Breyer starts with Section 524 of the Bankruptcy Code, which provides that the bankruptcy court’s order of discharge “operates as an injunction against” post-bankruptcy collection of debts. Because that statute gives the discharge force by treating it as an injunction, Breyer reasons, enforcement of the discharge should follow traditional rules for enforcing injunctions. Quoting a law-review article by Justice Felix Frankfurter, Breyer explains: “When a statutory term is ‘obviously transplanted from another legal source,’ it ‘brings the old soil with it.’” In this case, the “old soil” is the “potent weapon” of sanctions for contempt.

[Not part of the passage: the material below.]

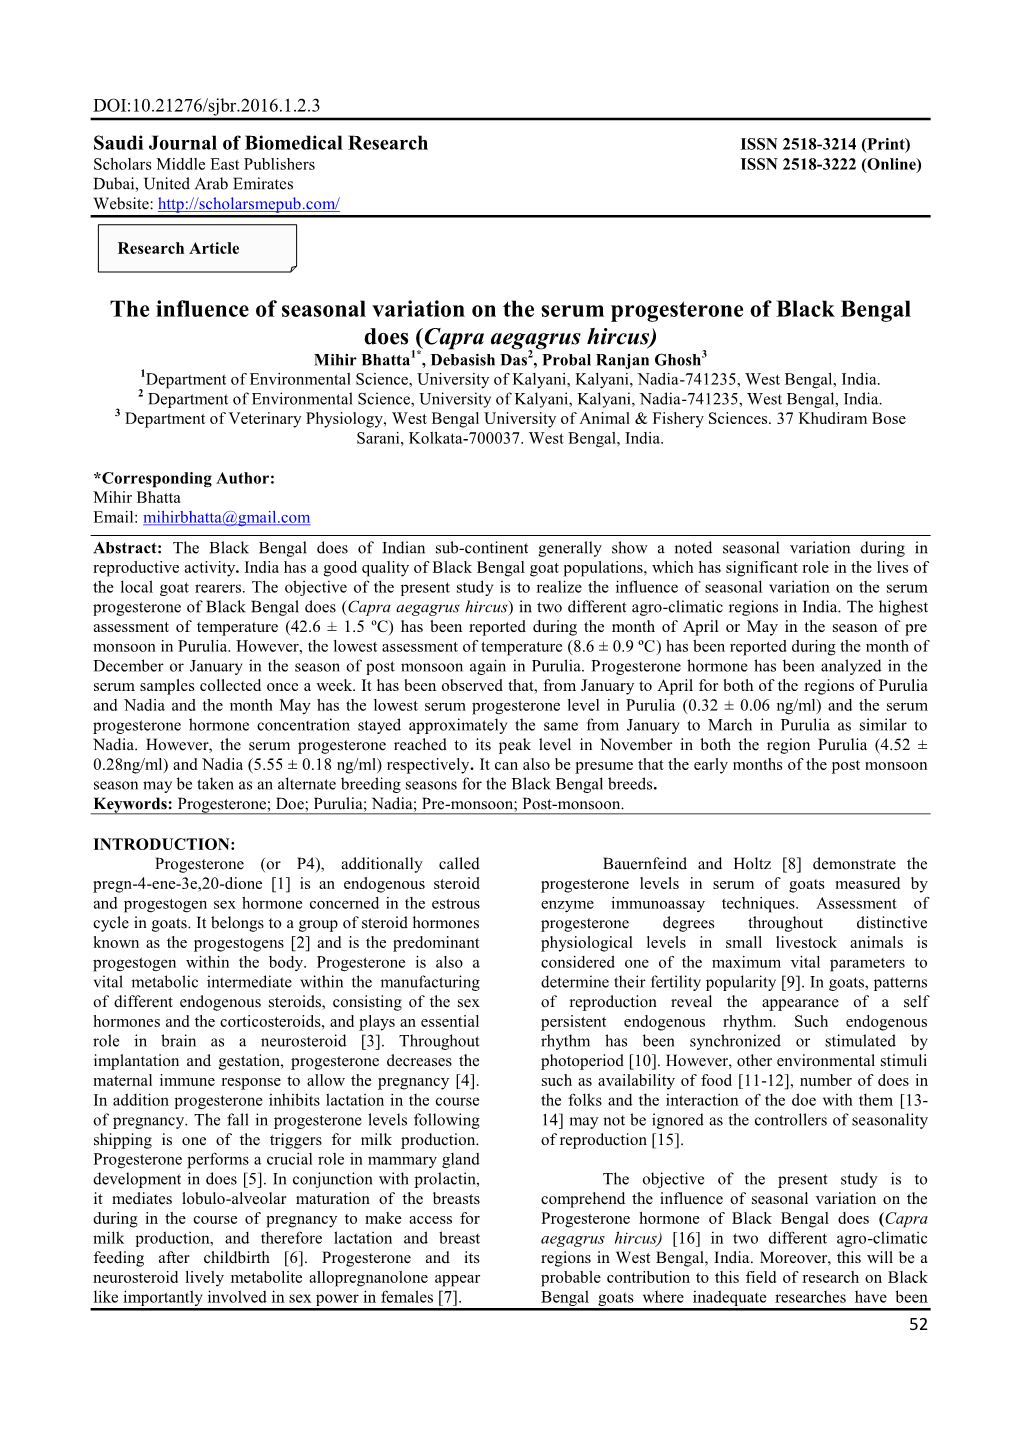 The Influence of Seasonal Variation on the Serum Progesterone of Black

Traditionally, Breyer notes, courts faced with injunctions have understood that “basic fairness” requires that those sanctions do not apply in the face of a “fair ground of doubt” about the propriety of activity.
Coming closer to the dispute at hand, Breyer emphasizes that the “standard is generally an objective one,” which means “that a party’s subjective belief that [the party] was complying with an order ordinarily will not insulate [the party] from civil contempt if that belief was objectively unreasonable.” Breyer offers one qualification of that statement, noting that “subjective intent is [not] always irrelevant,” both because “sanctions may be warranted when a party acts in bad faith” and because “a party’s good faith, even where it does not bar civil contempt, may help to determine an appropriate sanction.” Breyer closes that discussion by offering a summary statement of a rule of decision: Sanctions are appropriate “when the creditor violates a discharge order based on an objectively unreasonable understanding of the discharge order or the statutes that govern its scope.”
With that “objectively unreasonable” standard in hand, Breyer readily disposes of the 9th Circuit’s view that even an unreasonable understanding of the discharge protects a creditor from contempt: “[T]his standard is inconsistent with traditional civil contempt principles, under which parties cannot be insulated from a finding of civil contempt based on their subjective good faith.” For Breyer the lower-court standard “relies too heavily on difficult-to-prove states of mind” and “may too often lead creditors who stand on shaky legal ground to collect discharged debts, forcing debtors back into litigation … to protect the discharge that it was the very purpose of the bankruptcy proceeding to provide.”
Finally, Breyer turns to the standard that Taggart proposes, a “strict-liability” standard under which actions that violate the discharge would be sanctioned unless the creditor precleared them with the bankruptcy court. For Breyer, that standard does not “provide a workable solution to the creditor’s potential dilemma.” From his perspective, because “there will often be at least some doubt as to the scope of such orders,” a preclearance requirement would “lead to frequent use of the advance determination procedure.” The statute suggests, though, that such a “procedure would be needed in only a small number of cases.” In contrast, Breyer explains, “widespread use of this procedure” would “mov[e]” a substantial body of “litigation out of state courts, who have concurrent jurisdiction over such questions, and into federal courts.” The “additional federal litigation, additional costs, and additional delays” of that proposal are enough to persuade Breyer to reject it.
Taggart is not an earth-shaking decision. It does, though, provide the first Supreme Court discussion of a topic that comes up with considerable frequency in the bankruptcy courts, so we can expect it to be widely used to provide the organizing principle for the trial-court opinions that resolve litigation in the area.